Recently in our oavoservice interview assistance services, TikTok interviews have frequently featured a classic "division equation" problem — LeetCode 399.
The problem seems simple but hides subtle traps. Many candidates think at first glance: "This is just mathematical computation, right?" Wrong. This problem tests graph theory modeling ability and DFS traversal techniques, and 90% of mathematical approaches will crash during Follow-up questions.
Let's see how oavoservice real-time interview assistance helps candidates identify the interviewer's traps.
01 TikTok Interview Original Question (Complete English Version)
Title: Division
You are given an array of variable pairs equations and an array of real numbers values, where equations[i] = [Ai, Bi] and values[i] represent the equation Ai / Bi = values[i].
Each Ai or Bi is a string that represents a single variable.

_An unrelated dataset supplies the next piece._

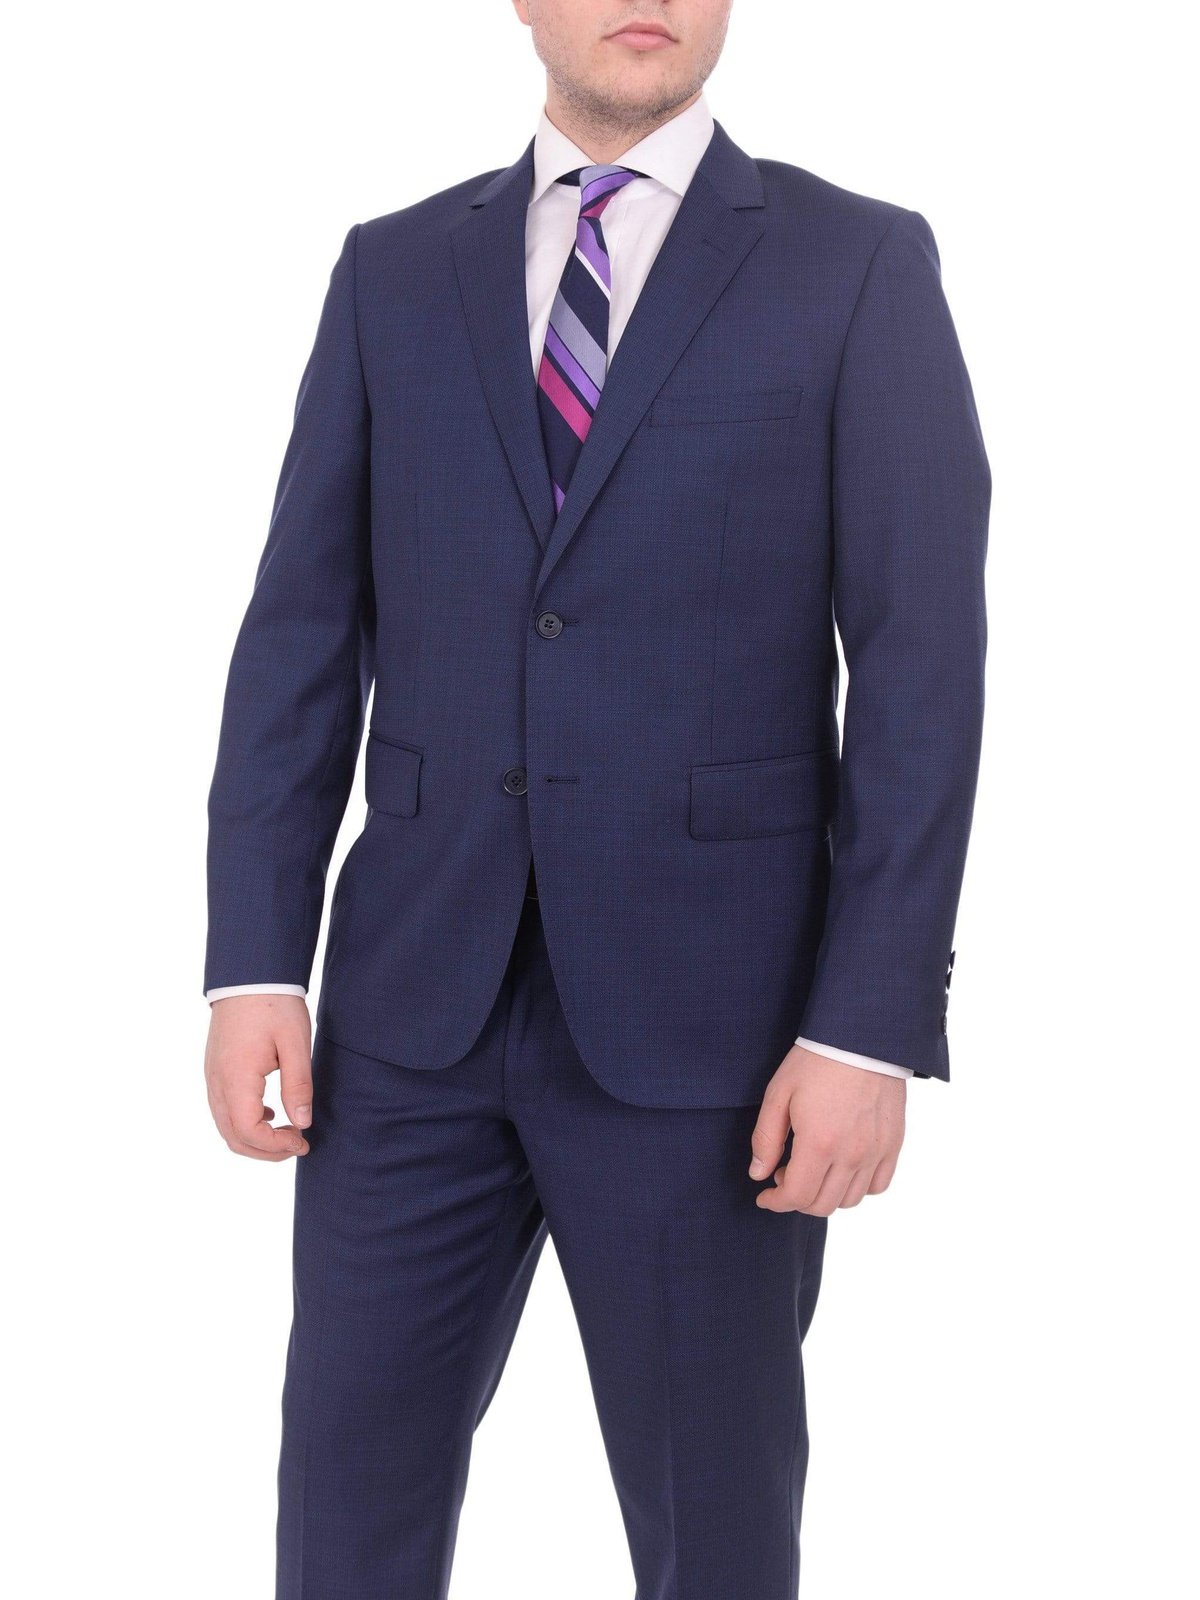 Label E TWO PIECE SUITS 42S Mens Modern Fit Blue Textured Two Button Wool Suit

You are also given some queries, where queries[j] = [Cj, Dj] represents the jth query where you must find the answer for Cj / Dj = ?. Return the answers to all queries. If a single answer cannot be determined, return -1.0.
Note:
- The input is always valid
- You may assume that evaluating the queries will not result in division by zero
- There is no contradiction
- Variables that do not occur in the list of equations are undefined
Example Input:
equations = [["a","b"],["b","c"]]
values = [2.0,3.0]
queries = [["a","c"],["b","a"],["a","e"],["a","a"],["x","x"]]

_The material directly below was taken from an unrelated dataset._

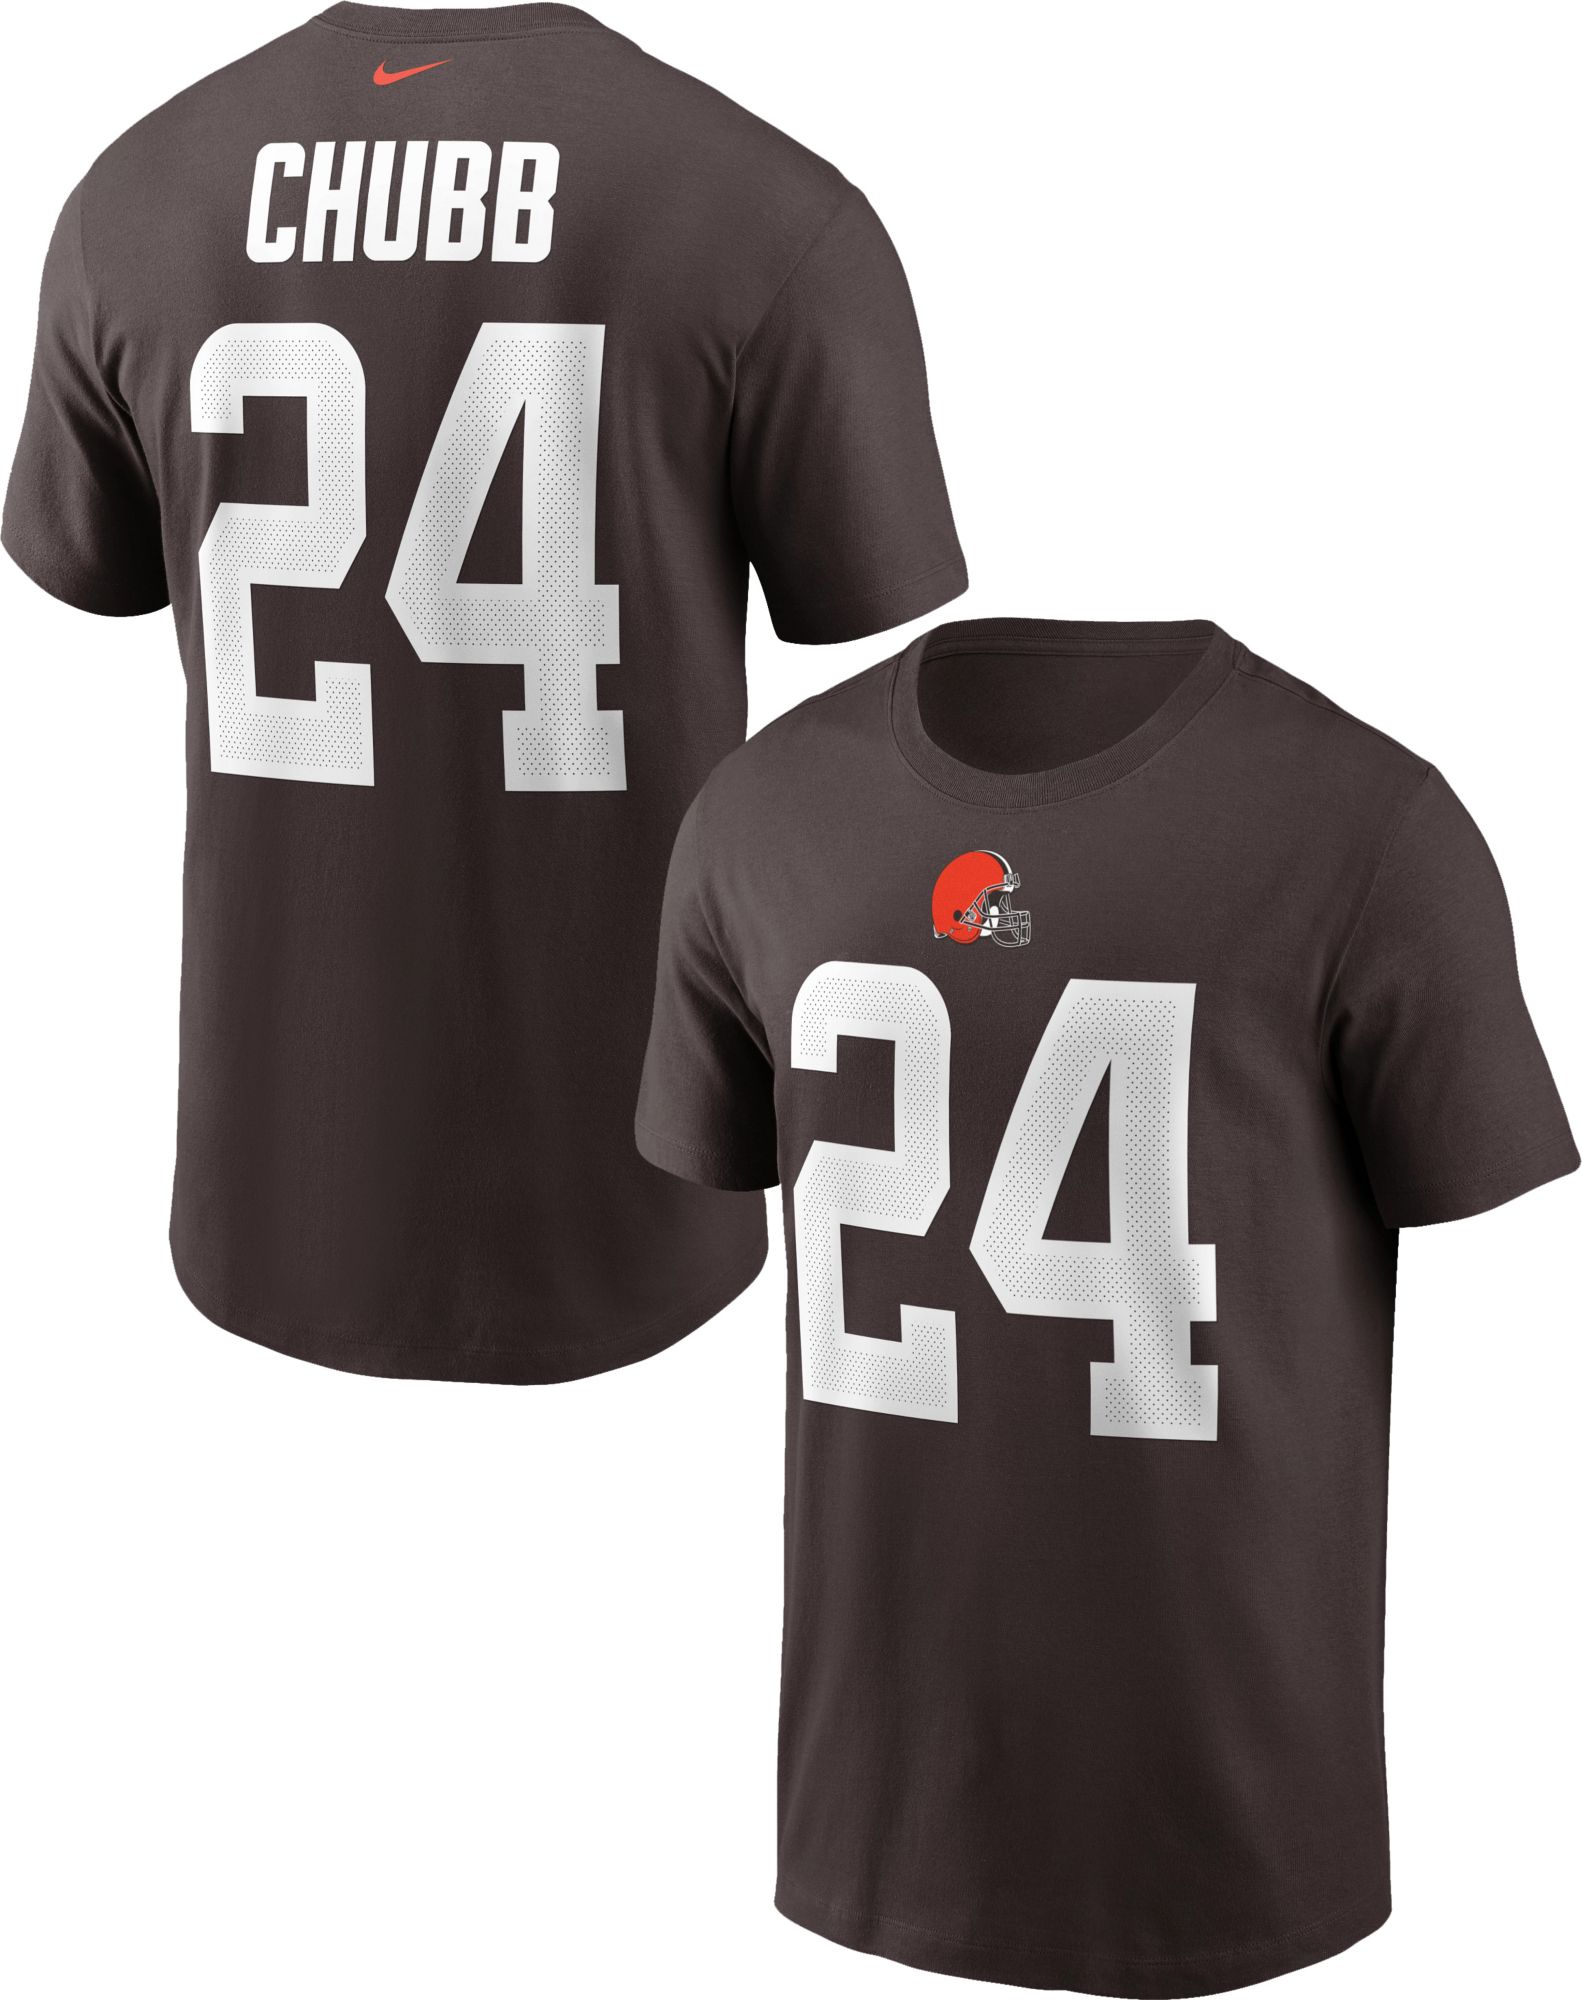 Cleveland Browns No24 Nick Chubb Brown Vapor Limited City Edition Jersey

Output: [6.00000,0.50000,-1.00000,1.00000,-1.00000]
02 Common Candidate Mistake: Falling into "Mathematical Computation" Mindset
Most candidates see this problem and their first reaction is:
"I need to solve this using algebraic equation systems, build matrices, then use Gaussian elimination..."

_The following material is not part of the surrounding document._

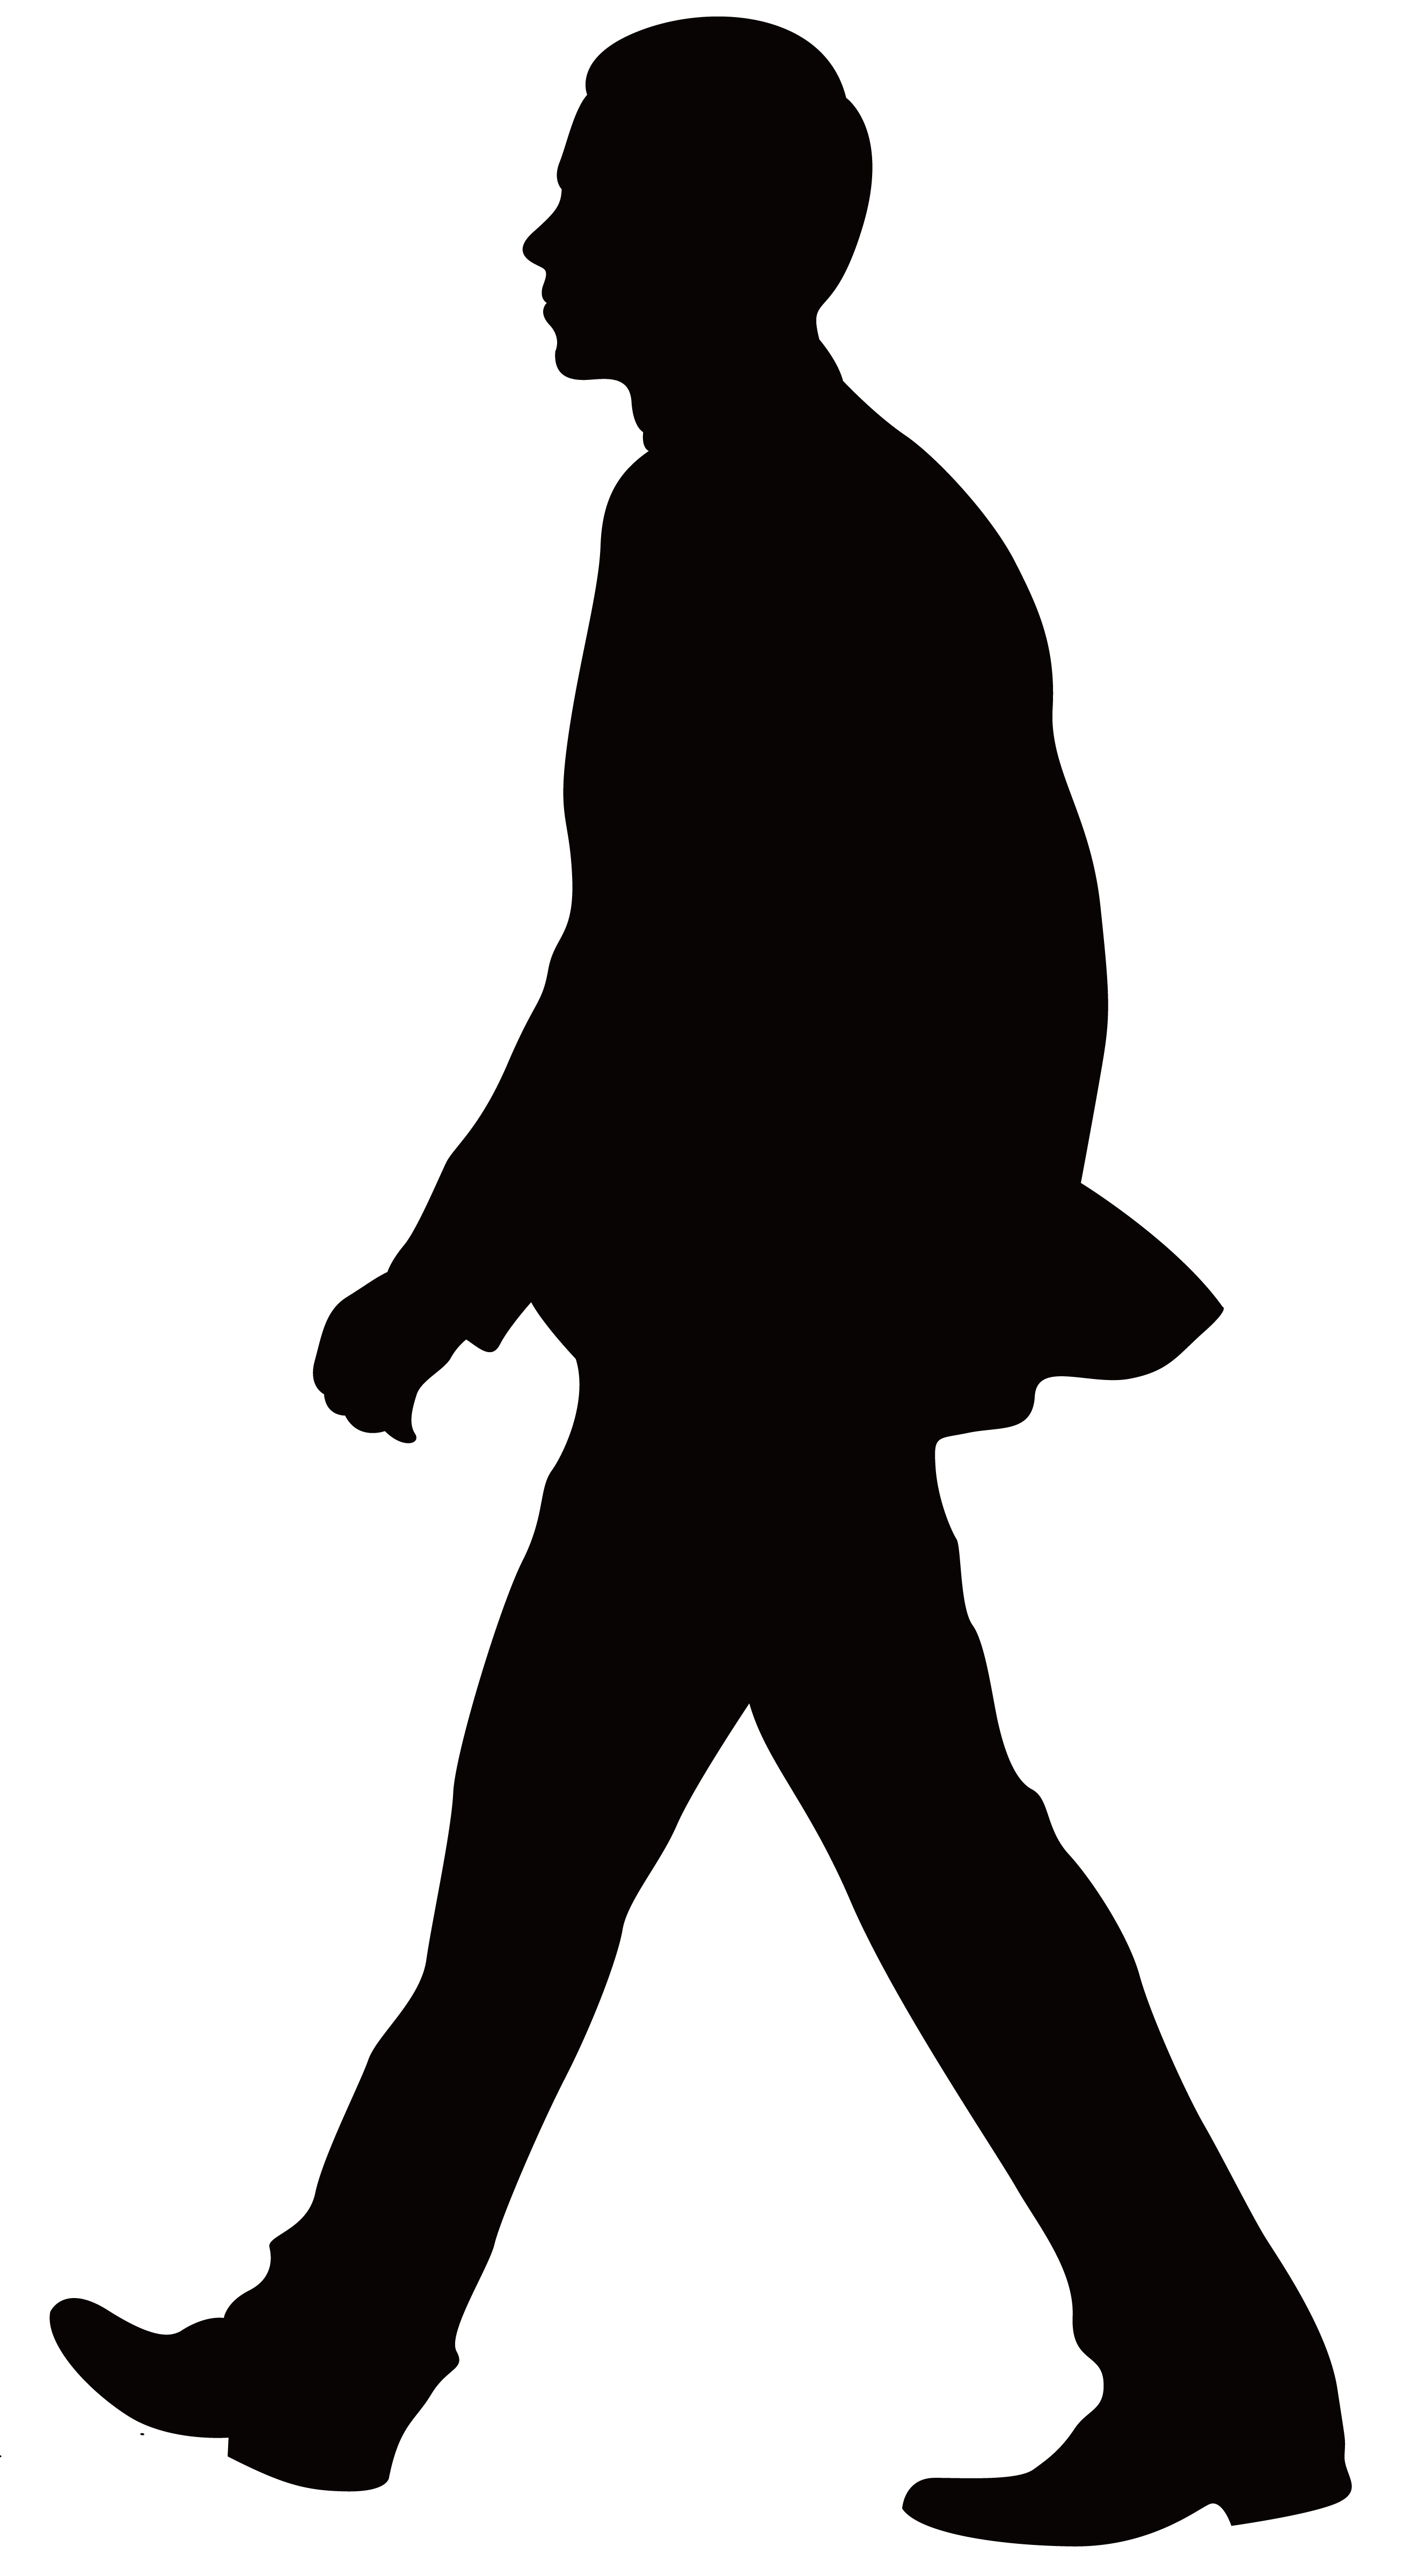 people silhouette architecture png

Stop! The interviewer thinks: "Another programmer brainwashed by math class."
This approach might work for simple cases, but when the interviewer asks:
- "What if there are 10,000 variables?"
- "What if there are 50,000 queries?"
- "Can you support dynamically adding new equations?"
The mathematical approach instantly crashes with exploding time complexity.
03 oavoservice Key Guidance: Graph Theory Modeling Approach
In our real-time assistance, we quickly point candidates in the right direction:
Core Insight: Treat variables as nodes and division relationships as directed weighted edges!
- Nodes: Each variable (like "a", "b", "c")
- Edge weights:
a/b = 2.0means edgea → bhas weight2.0, and edgeb → ahas weight1/2.0 = 0.5 - Queries: DFS from start to end, multiply all edge weights along the path
One-sentence solution:
Treat variables as nodes, division as directed weighted edges, use DFS to find paths and multiply weights.
04 oavoservice Optimized Solution (Live Implementation)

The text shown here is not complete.